Does your corporate recruitment process put the candidate first? If not, you may have already reached the obvious conclusions that companies that put the candidate last, rarely finish first in the race to recruit top talent. In an age where – now more than ever – your candidate pool and employees have an impact on your client base (and often times are your client base) there are many reasons why it is very important to provide a favorable recruitment process from the application process all the way through the on-boarding process.
Recently, I sat down with Warren White, SPHR – a seasoned HR professional in the Washington, DC Metro Area and we discussed this very topic. Here’s how the conversation went:
Joey V. Price: From your perspective, why should the candidate experience matter to an organization?
Warren White, SPHR: The best employers have always focused on the candidate experience—that is part of what gives them an edge in recruiting and retaining the best talent. Now, with the rise in social networking, ensuring that candidates have a positive experience throughout the recruitment process is more important than ever. The Pew Internet & American Life Project just released a report that estimates that the average American has 634 ties in their overall network. That means every candidate has significant power to influence behavior, and that can either work for a company or against it. The more positive the candidate experience is, the more favorable opinion that candidate will have of the company—so there’s a better chance for some positive PR when they communicate with their network. If, on the other hand, a candidate has a particularly bad experience, you can pretty much assume that they’re going to share that feedback with their network as well.
JVP: Are there any tangible benefits to making efforts to make the candidate experience better during the recruitment process?
WW: I think there are tangible benefits that go beyond the more obvious things like creating positive PR, building a talent pipeline and a positive employment brand.
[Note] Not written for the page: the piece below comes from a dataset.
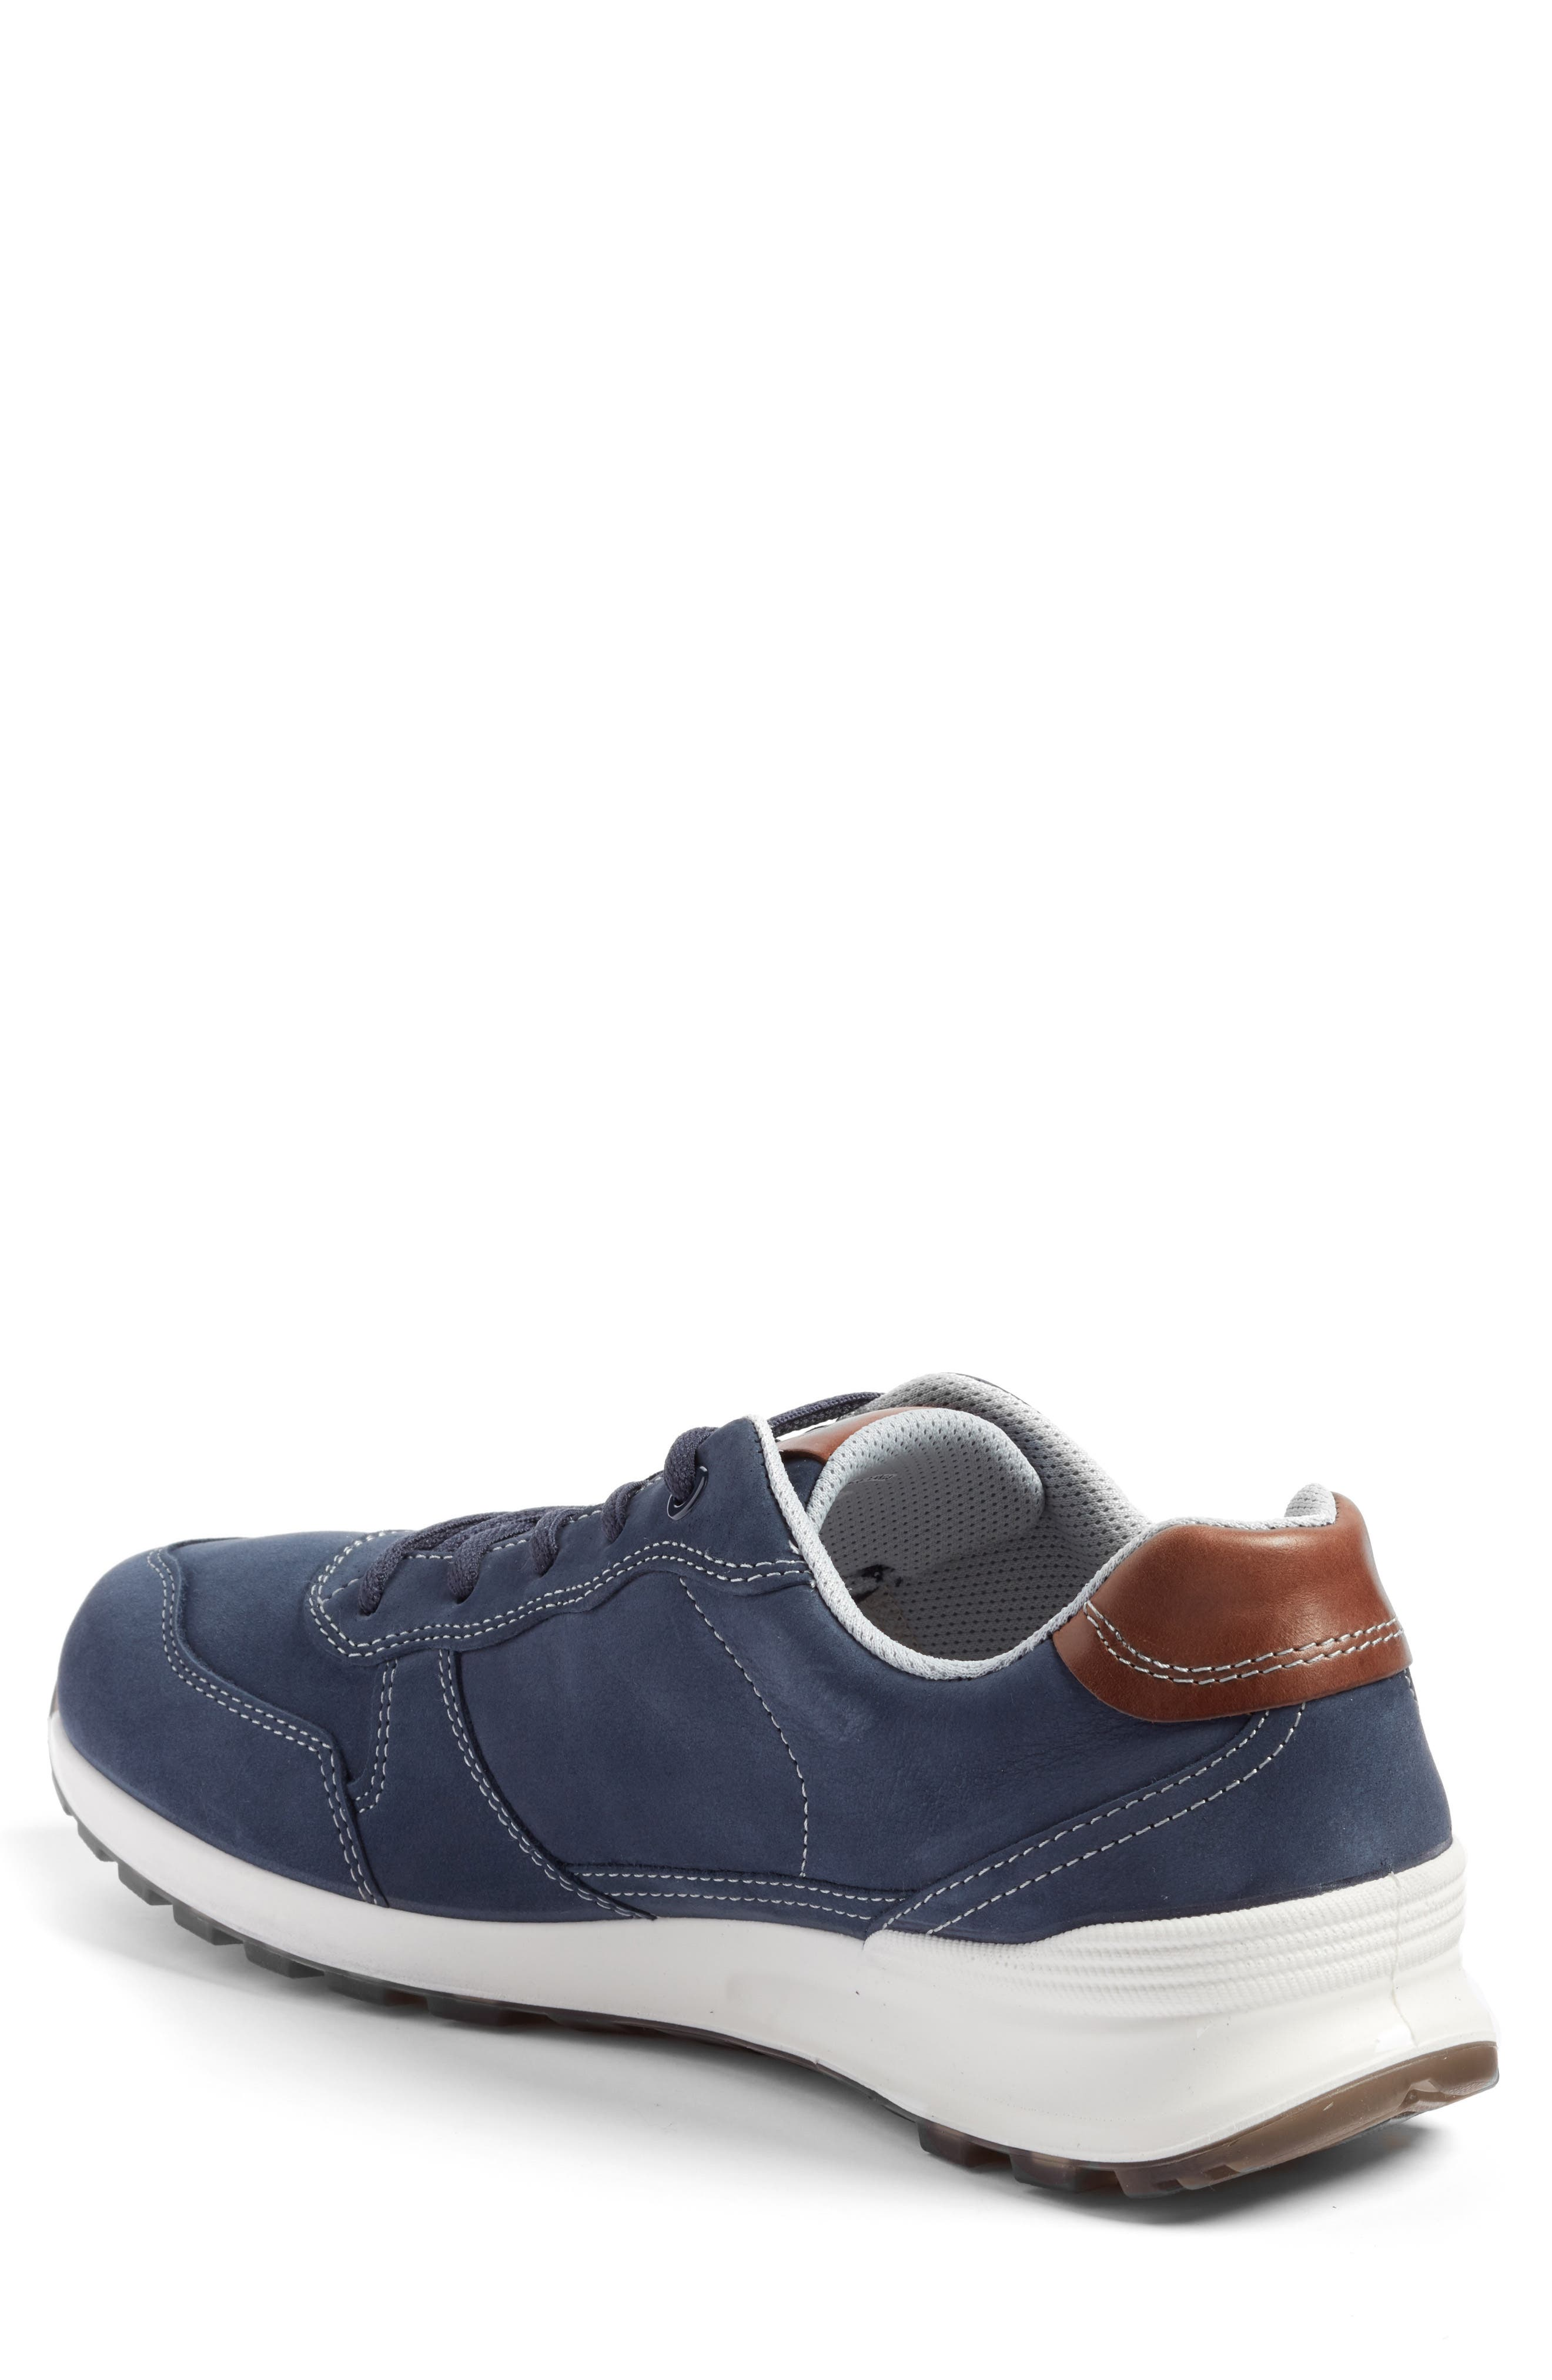 CS14 Retro Sneaker,                             Alternate thumbnail 2, color,                             408

I believe that when companies take a thoughtful, consistent approach to their recruiting and hiring processes, they actually improve their efficiency and increase the likelihood that they’ll make good hiring choices. The ideal process creates an environment that gives every candidate the opportunity to interview at their very best. When that happens, it is easier to make an apples-to-apples comparison between candidates.
JVP: What challenges do you think companies face in trying to improve the candidate experience?
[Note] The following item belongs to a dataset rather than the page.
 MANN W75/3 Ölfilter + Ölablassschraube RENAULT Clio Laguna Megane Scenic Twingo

WW: My observation is that companies often tend to get so focused on their day-to-day activities that it can be difficult to take a step back to evaluate their own internal processes. I also don’t think most companies do a lot of external benchmarking to truly understand where they stand in the marketplace in comparison to their top talent competitors. I talked with a recruitment manager once who told me that a couple of times each year he would apply for a position at another company. Sometimes he would actually get called for an interview, and sometimes he didn’t, but he did it to gain insight on their hiring practices, and to see if there was a takeaway idea or concept that he could bring back to his organization to improve their process. I thought that was in some ways a logical approach—if you think about retail stores, for instance, it is not uncommon at all for one store to ‘shop’ the competition—but it would be my guess that not a lot of companies take this approach.
JVP: Please share an example of your worst candidate experience.
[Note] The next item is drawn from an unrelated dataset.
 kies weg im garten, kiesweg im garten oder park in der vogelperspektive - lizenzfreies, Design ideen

WW: I could probably tell a dozen stories about hiring managers that I’ve worked with and some of the ‘unexpected’ challenges, but instead I’ll share a personal experience that happened when I was interviewing for an opportunity a few years back. To start, my interviewer was about 20 minutes late. That happens sometimes, but she was completely unapologetic. She took at least two telephone calls during our time together, and I recall one of the calls lasting more than a few minutes as I sat there in an uncomfortable silence. Once the interview resumed, it was not conversational—I don’t believe I was even asked if I had any questions, let alone given the chance to ask one. The last question I was asked was something along the lines of ‘if you were an animal, what animal would you be and why?’ I know that offbeat questions are popular for some organizations, but given the type of organization and the job I was interviewing for, I thought that was particularly odd—I actually paused for a moment and had to fight back a chuckle before I realized that she was serious. Given this experience during the interview process, I left the interview thinking that this was probably not going to be the right environment for me.
JVP: Do you have any closing thoughts on the importance of the candidate experience and its impact on areas of HR beyond just recruitment?
WW: The importance of ensuring a positive candidate experience can’t really be understated. I think the candidate experience sets the tone for future interaction with HR once that candidate becomes an employee. The hiring process is usually the first interaction a candidate has with HR, so if that experience goes well and the candidate is left with an overall positive impression, the greater the potential for a positive relationship and positive interactions with the HR team moving forward.
About Warren White, SPHR:
Warren White brings more than 12 years of HR experience, providing strategic guidance, coaching and leadership to individuals and organizations in both the non-profit and for profit sectors in the mid-Atlantic region. Warren’s diverse experiences have provided him with a unique ability to adapt to dynamic environments, to understand and manage complex tasks, to excel in challenging situations, and to communicate effectively with a variety of audiences. Warren has been an active SHRM member since 2001, serving as a session host for the 2006 SHRM national conference in Washington, DC, and has also been active in the Human Resource Association of the National Capital Area (HRA-NCA).